_Exercise goal_: Leave out the pictures, and write out exactly the lines from the beginning of the material to the line holding "Hasselblad - Analog Ladakh", that line included, and nothing else.

::: Data shown

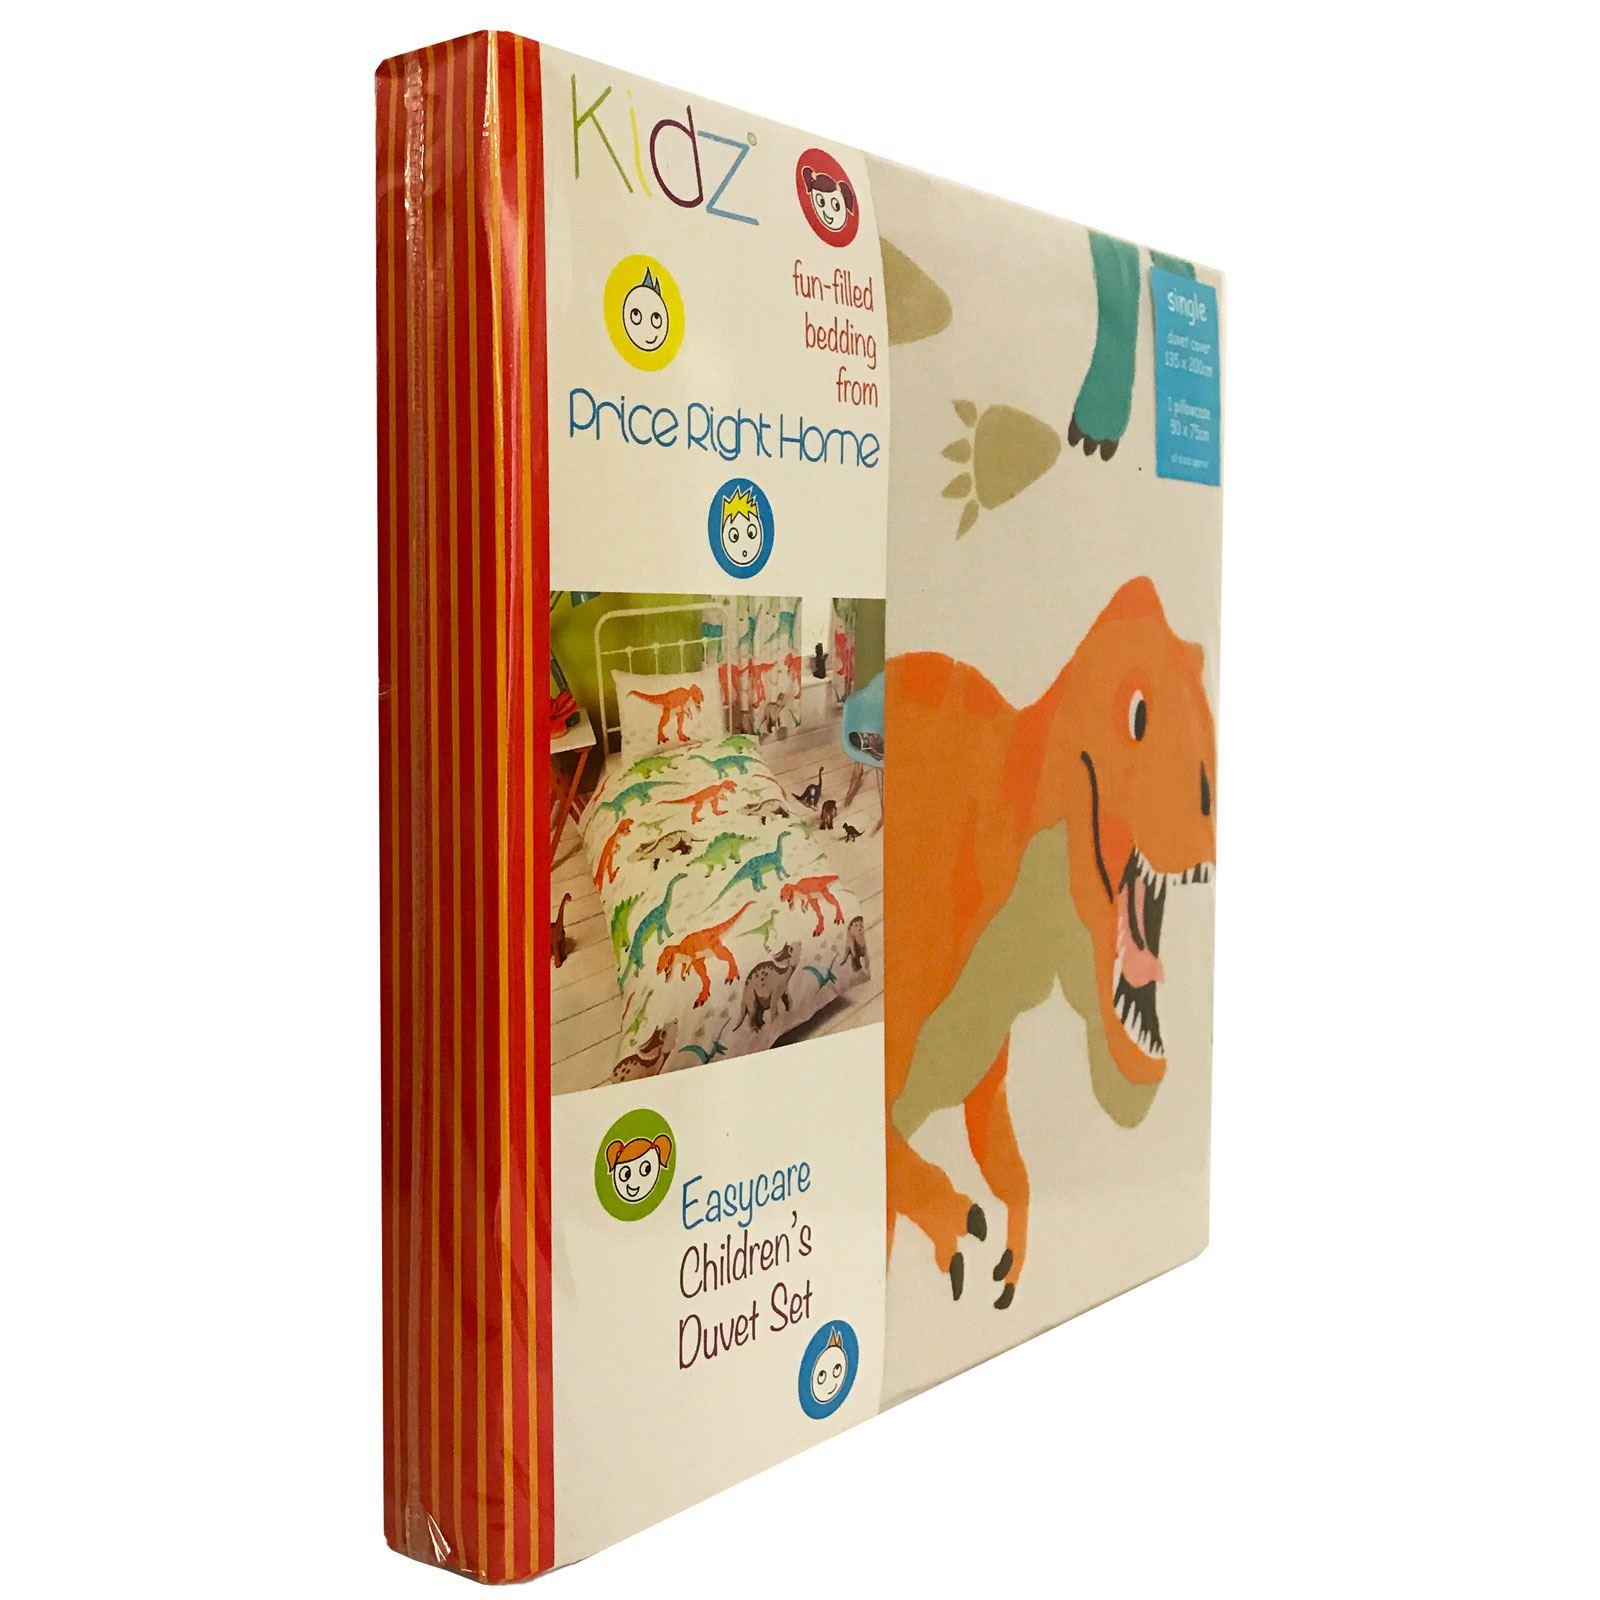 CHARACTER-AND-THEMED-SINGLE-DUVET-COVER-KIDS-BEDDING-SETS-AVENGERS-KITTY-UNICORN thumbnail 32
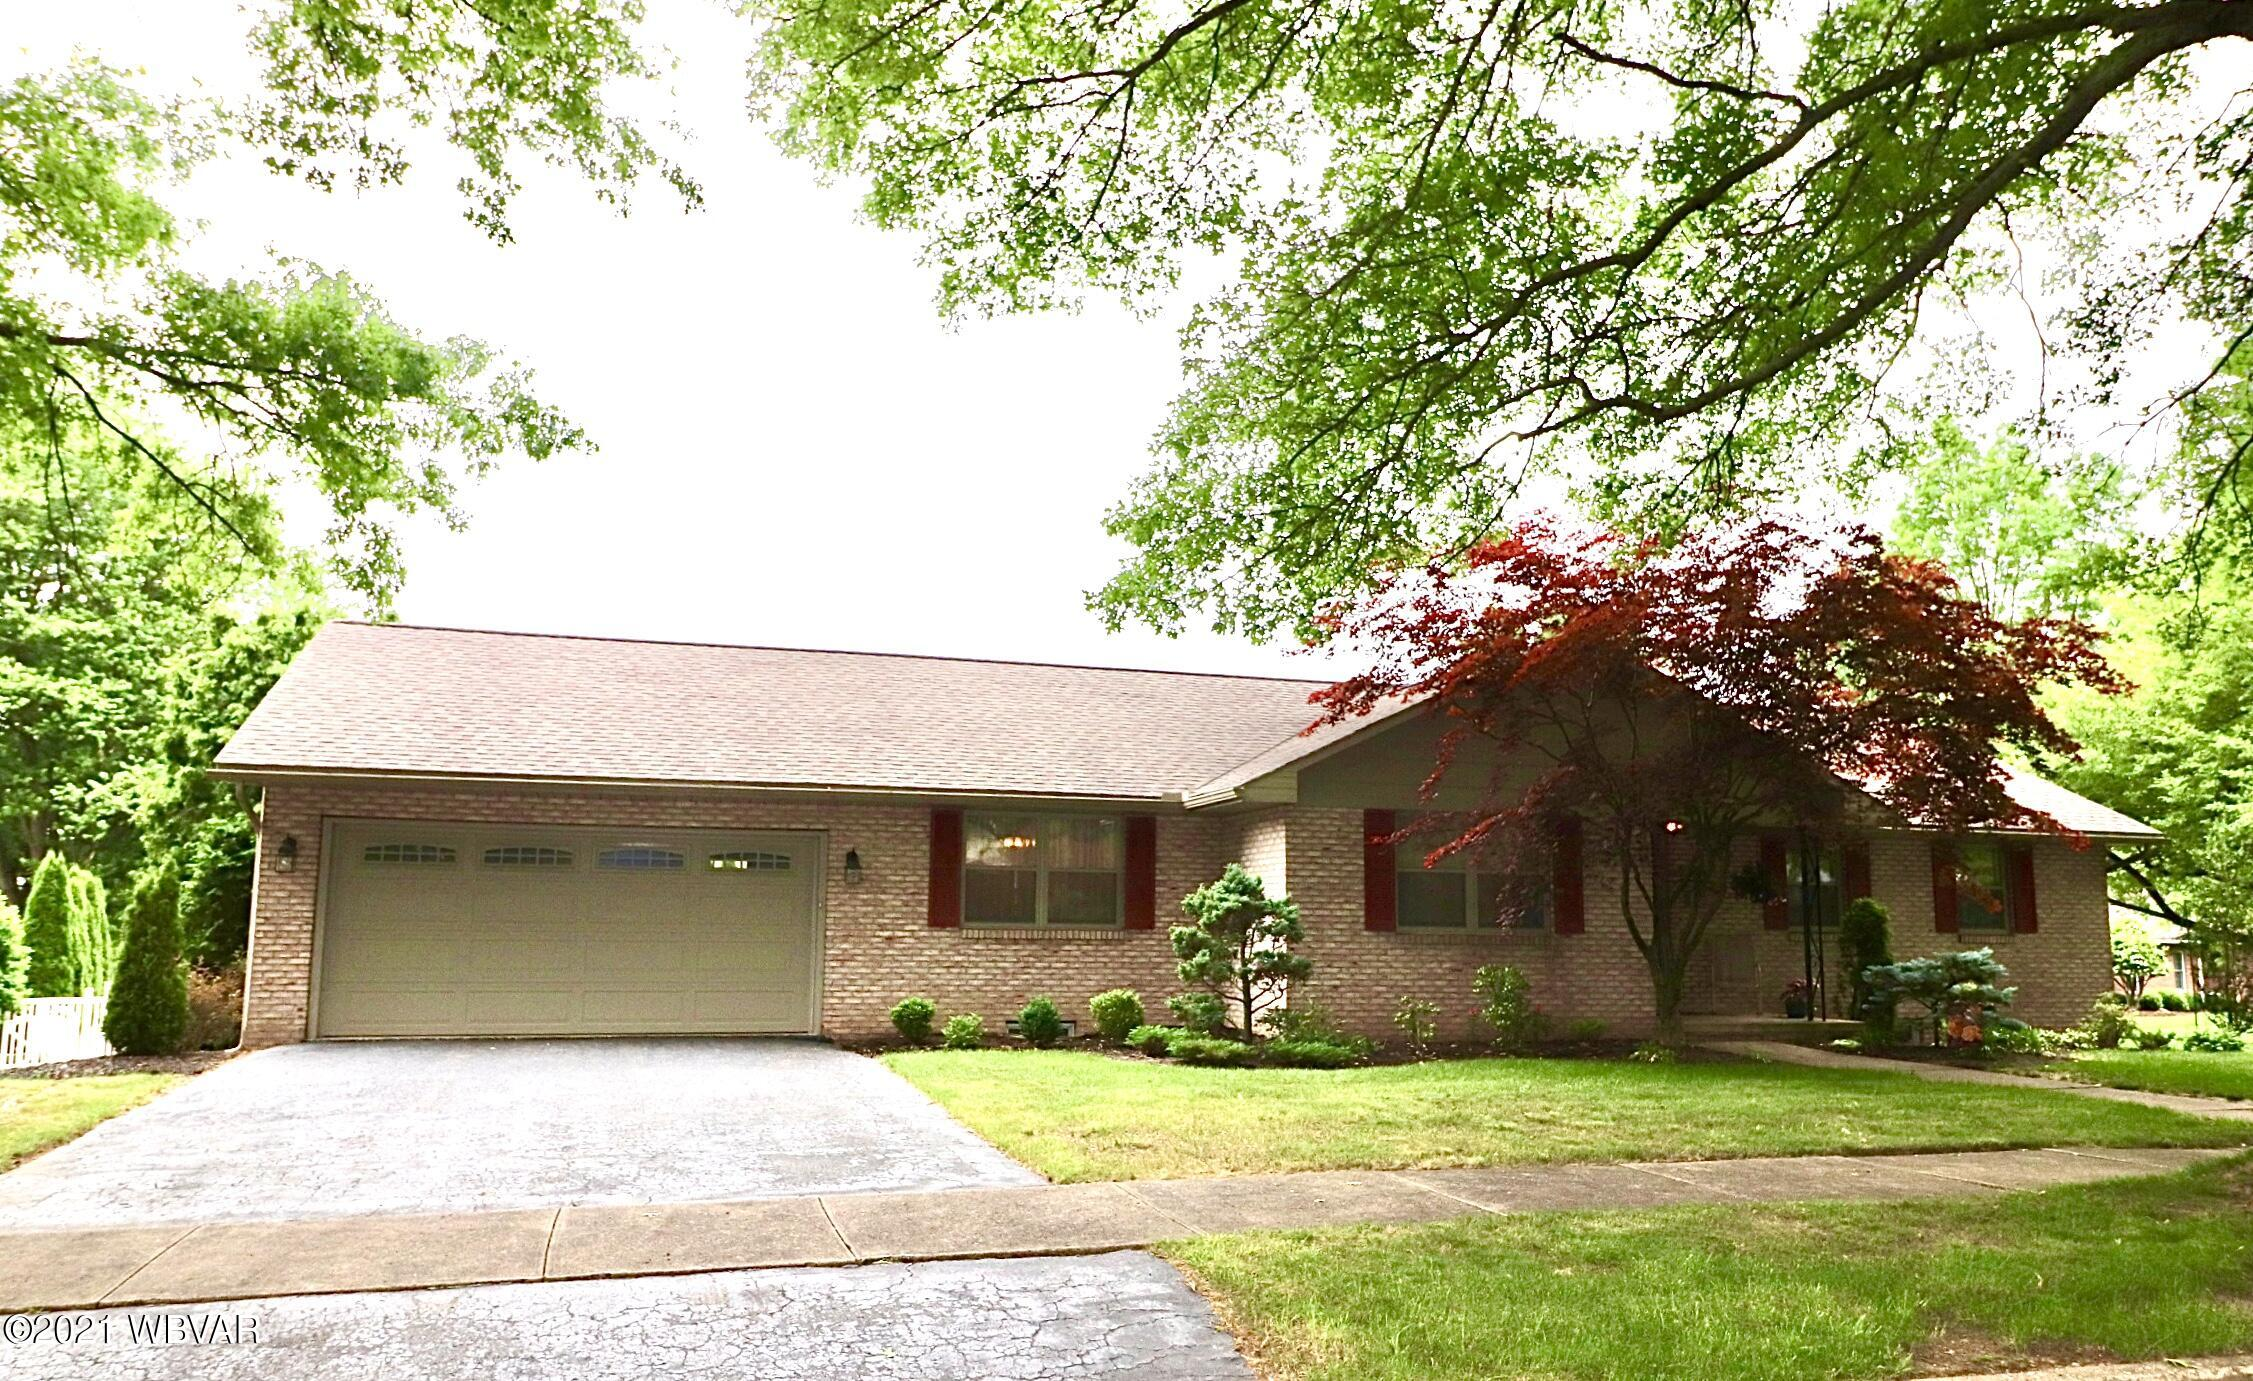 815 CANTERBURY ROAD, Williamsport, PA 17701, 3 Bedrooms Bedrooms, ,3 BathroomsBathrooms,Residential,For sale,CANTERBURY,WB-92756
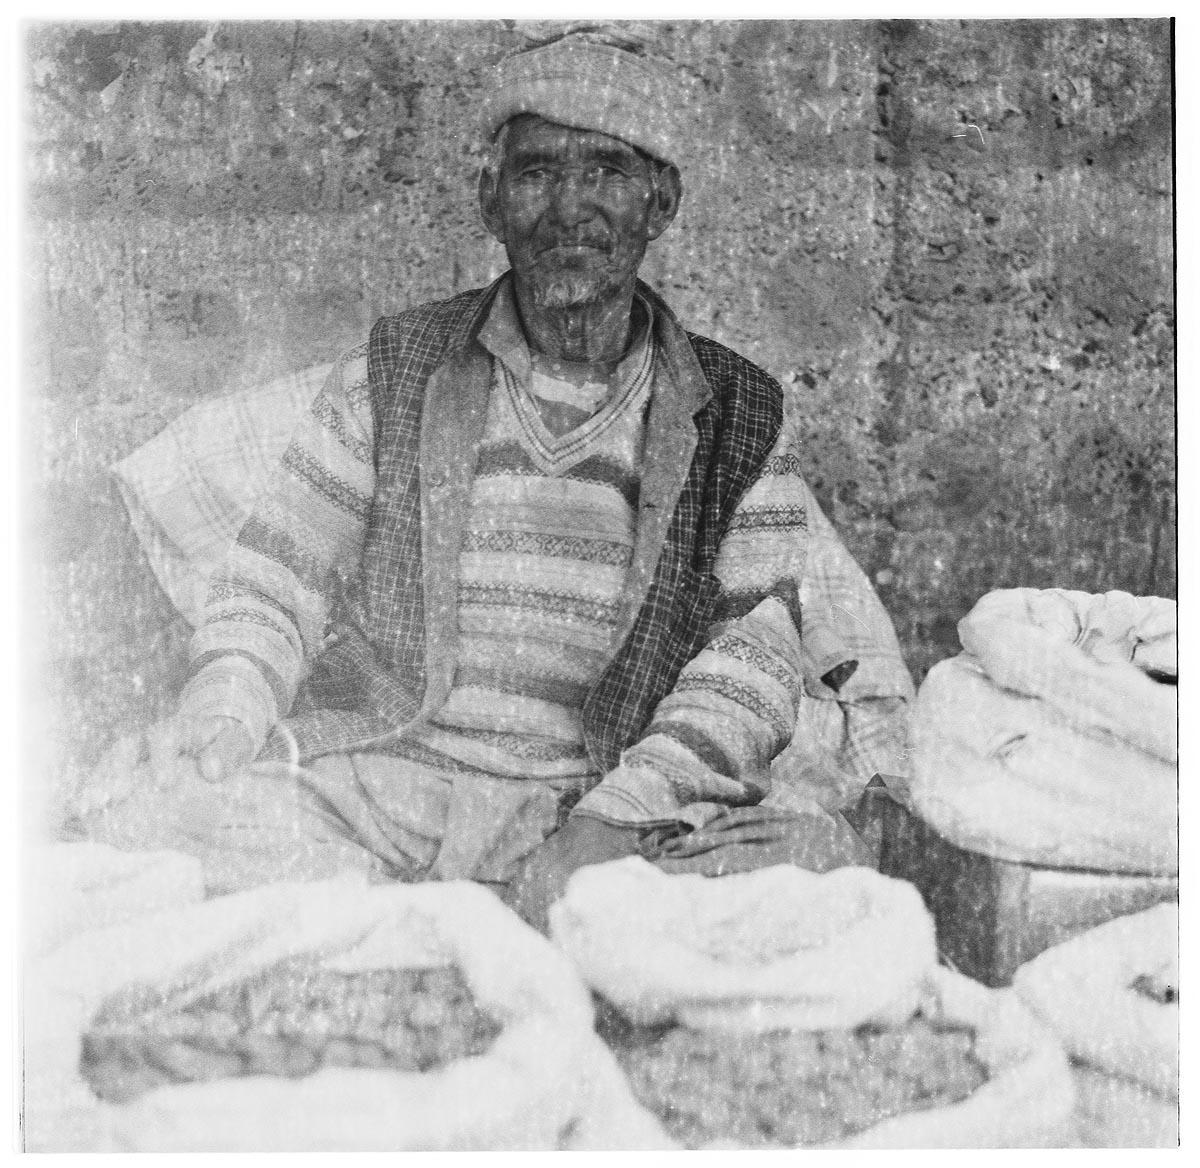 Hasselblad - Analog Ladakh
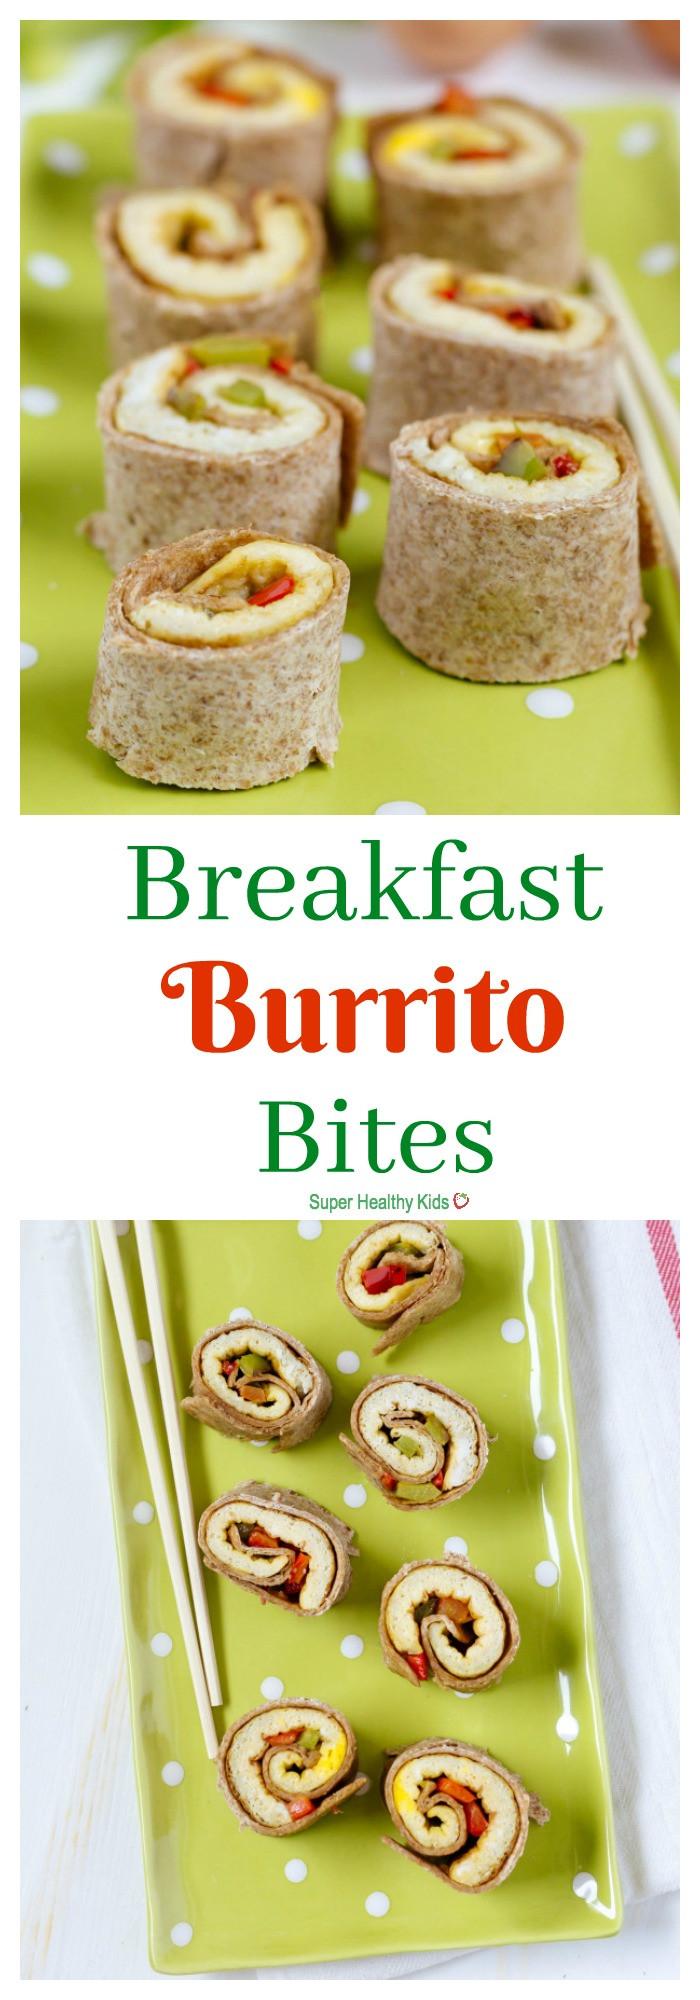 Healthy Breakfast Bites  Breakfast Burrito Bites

::::::

_Reply_:
 CHARACTER-AND-THEMED-SINGLE-DUVET-COVER-KIDS-BEDDING-SETS-AVENGERS-KITTY-UNICORN thumbnail 32
 815 CANTERBURY ROAD, Williamsport, PA 17701, 3 Bedrooms Bedrooms, ,3 BathroomsBathrooms,Residential,For sale,CANTERBURY,WB-92756
 Hasselblad - Analog Ladakh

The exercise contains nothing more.